Kalo debit airnya agak sedikit lebih gede pasti jauh lebih kece nich air terjun
BalasHapusMas Cumi: iya, di ntt rata-rata air terjunnya punya perbedaan debit yang mencolok antara musim hujan dan musim kemarau... sungainya juga begitu... ntt memang lebih kuat view pantainya
BalasHapusAdem lihat foto-fotonya... tapi baca cara kesana saja udsh bikin patah semangat... btwnama tempat-tempatnya bisa jadi plesetan... :D
BalasHapusHahaha.. aku justru ingetnya kata yang plesetan itu baru bisa inget nama tempatnya :D
Hapusasyikkk mas bro pemandangane itu loh,menyejejukan kalbu,asyik kali yah bisa hunting ketempat-tempat seperti itu...

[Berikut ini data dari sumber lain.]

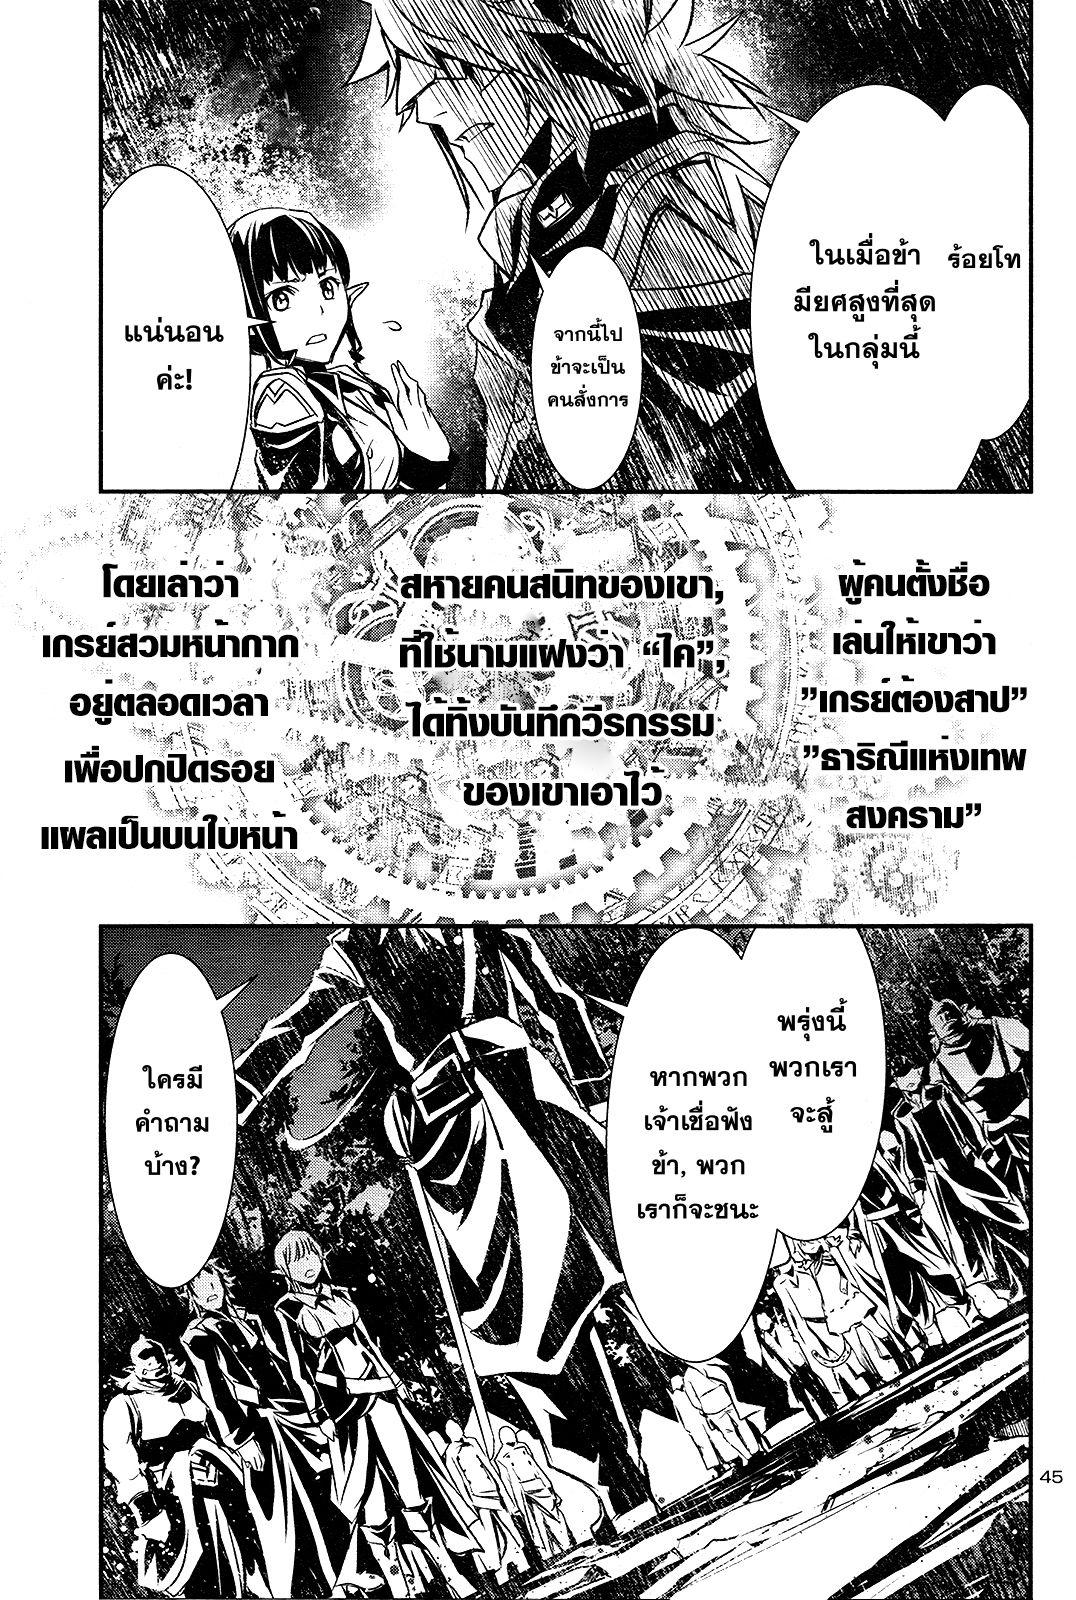 อ่านการ์ตูน Shinju no Nectar ตอนที่ 4 หน้าที่ 45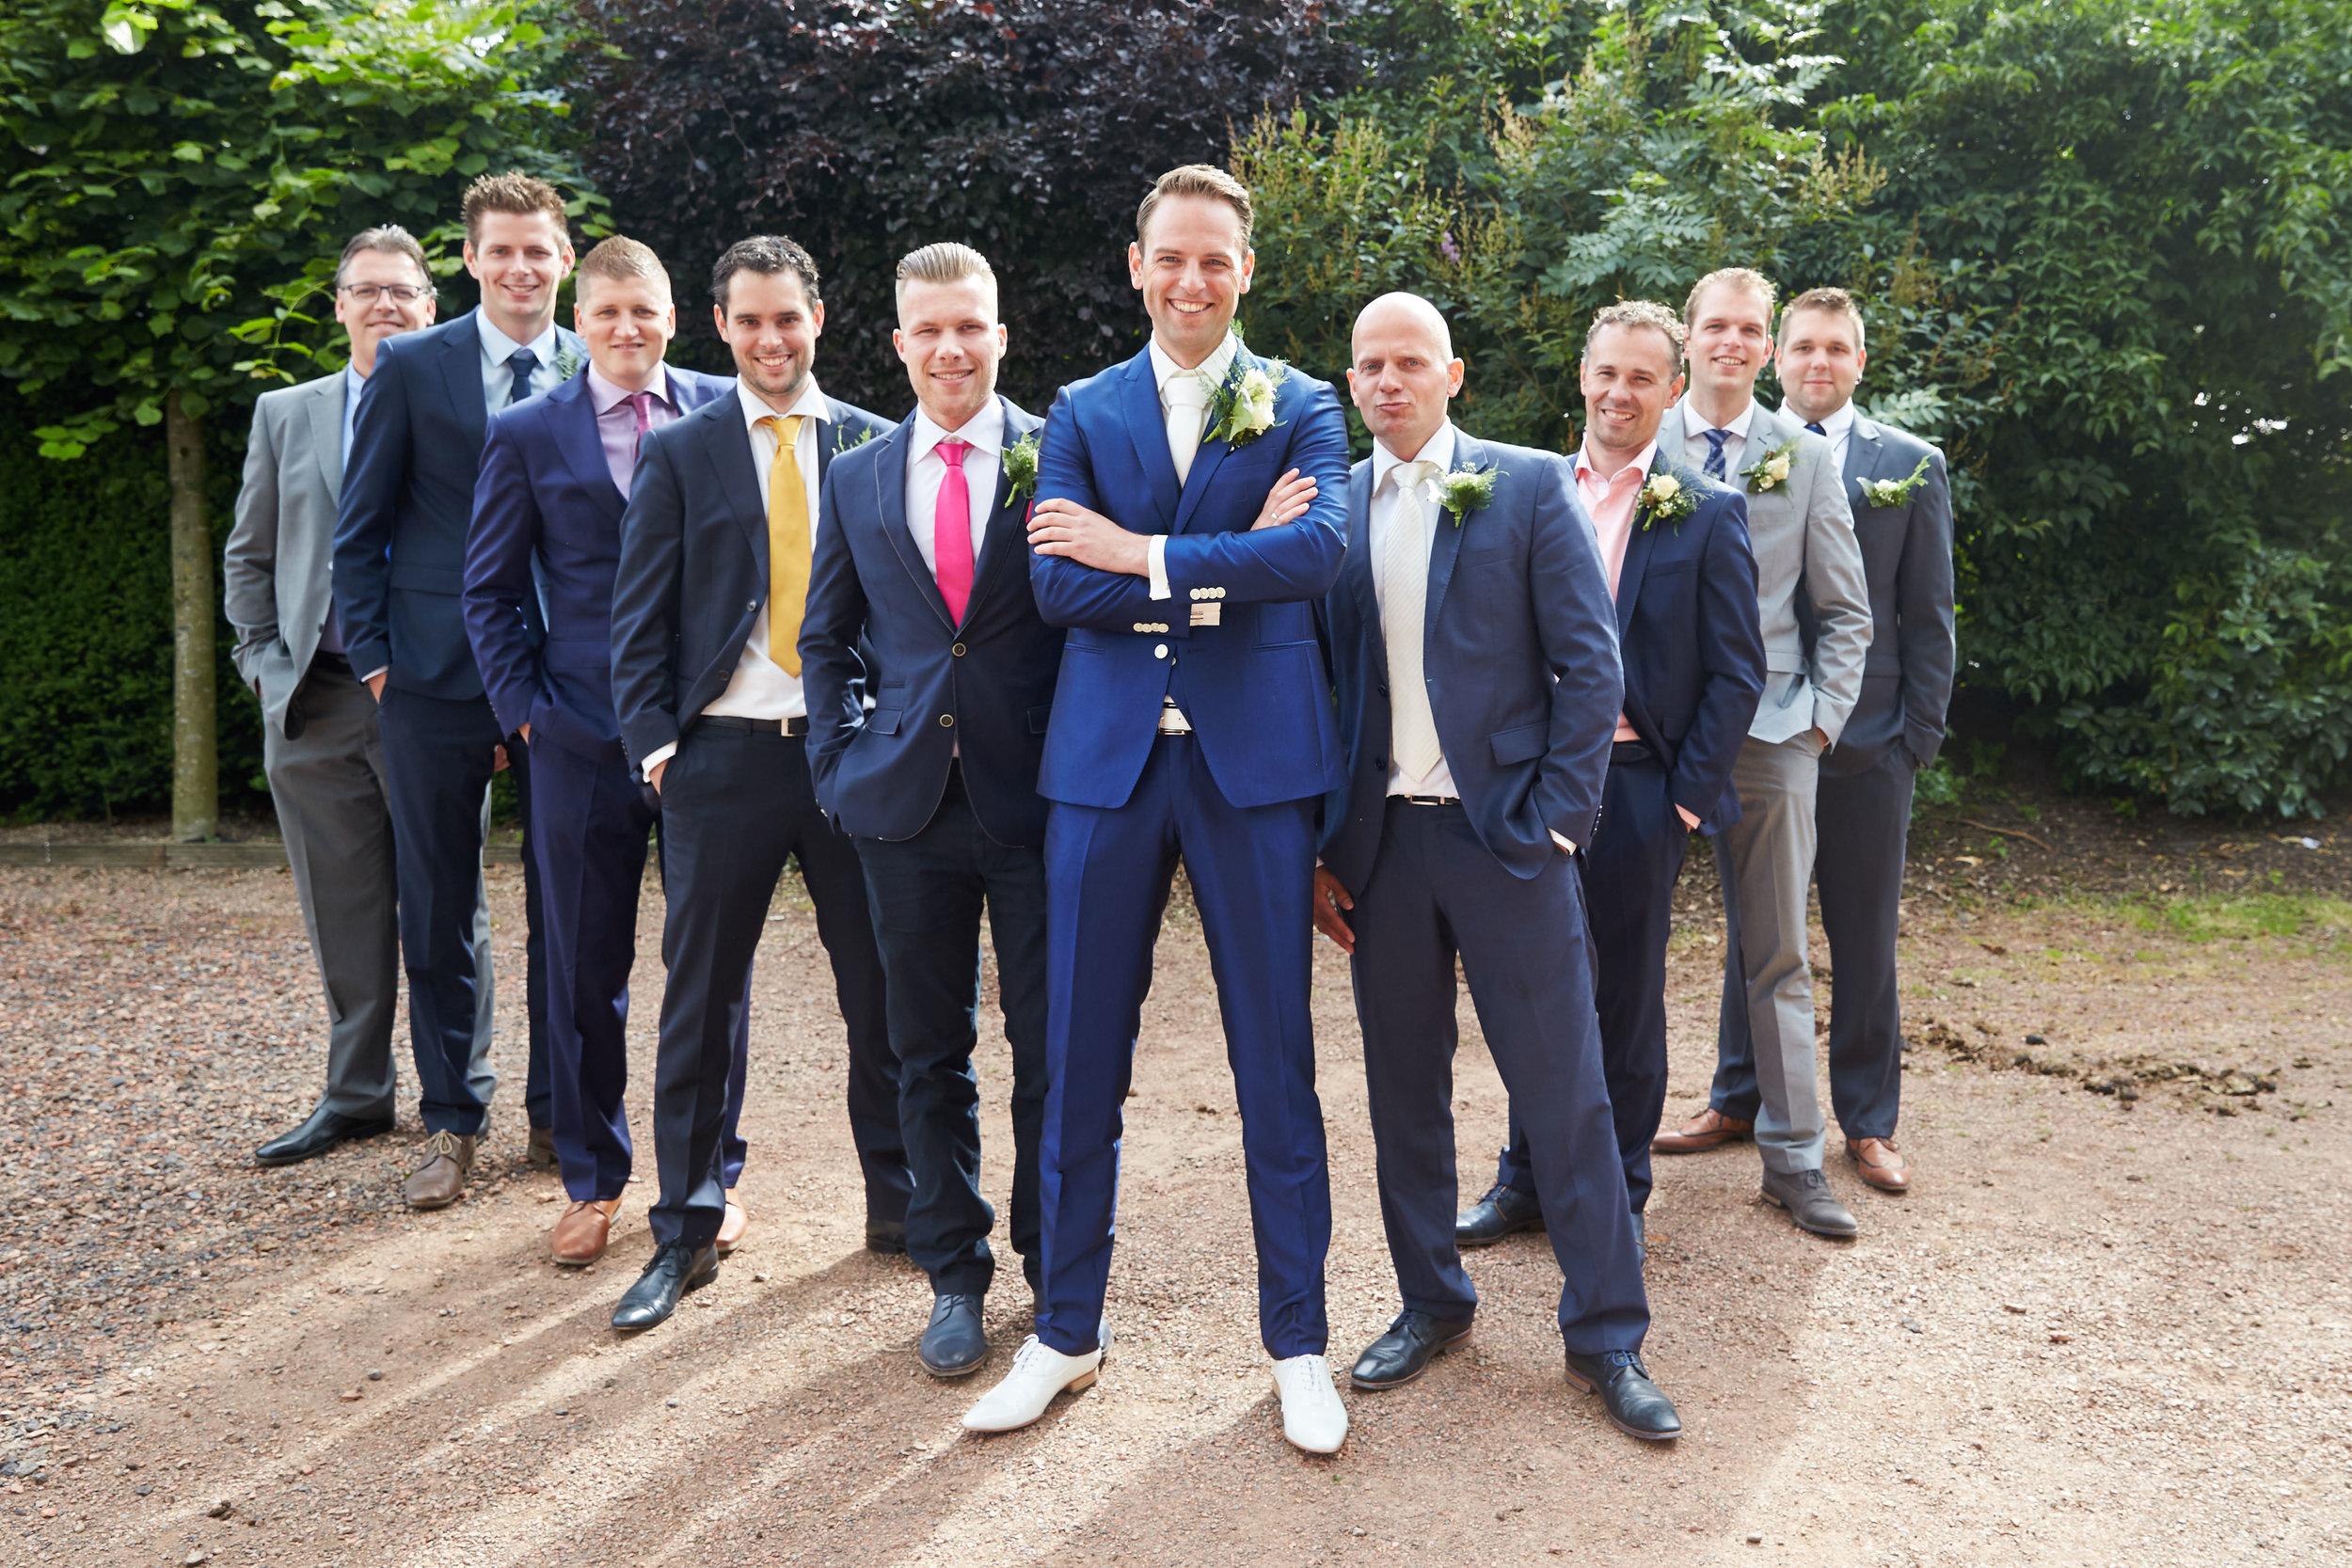 trouwshoot-bruidsfotografie-trouwfoto-feestfotografie-Trudy-Ron-67.jpg

BalasHapusKayaknya di Jawa lebih banyak lokasi air terjun yang lebih bagus babeh... aku sendiri masih pengen eksplore ke jawa lagi kayak di malang dan sekitarnya
HapusPaling keren gambar nomor empat Mas, airnya jernih, seperti bukan di Indonesia :)
BalasHapusIya tempatnya adem dengan tebing tegak yang tinggi, cuma ya itu bukan tebing batu melainkan tebing tanah jadi masih rawan longsor
Hapusakh maumere punya sejuta pesona...salah satunya di pangabatang...asikkk...kug aku lagi males-malesan nulis yach hehehe....malessssss plis pergilah..kangen flores.....
BalasHapusBanyak yang belum dikelola tapi malah asyik, jadi belum banyak berubah.. kamu terlalu rajin nulis sih.. jangan cepet2 nulis batasi ae 4 tulisan per bulan yang penting kontinyu
HapusSeumur hidup, baru sekali saya liat air terjun mas hehe
BalasHapusmaklum.. di sini gak ada air terjun heheh
Wah masak? tinggal dimana mas Fikri?
HapusAir terjunnya mirip air terjun sadap, bangka: kalau musim kemarau yang tersisa tinggal bebatuan curam. Tapi yang ini sungguh luar biasa. Kalau yg di bangka malah gak terawat, dan sudah dikelilingi oleh ladang warga setempat
BalasHapusMungkin karena sulit dijangkau jadi masih asli.. rata2 kalo yang gampang dikunjungi juga udah amburadul
Hapussemoga dapat bermanfaat buat kita semua. Amin . . . . artikelntya sangat bagus sekali. Senang sekali berkunjung ke website anda.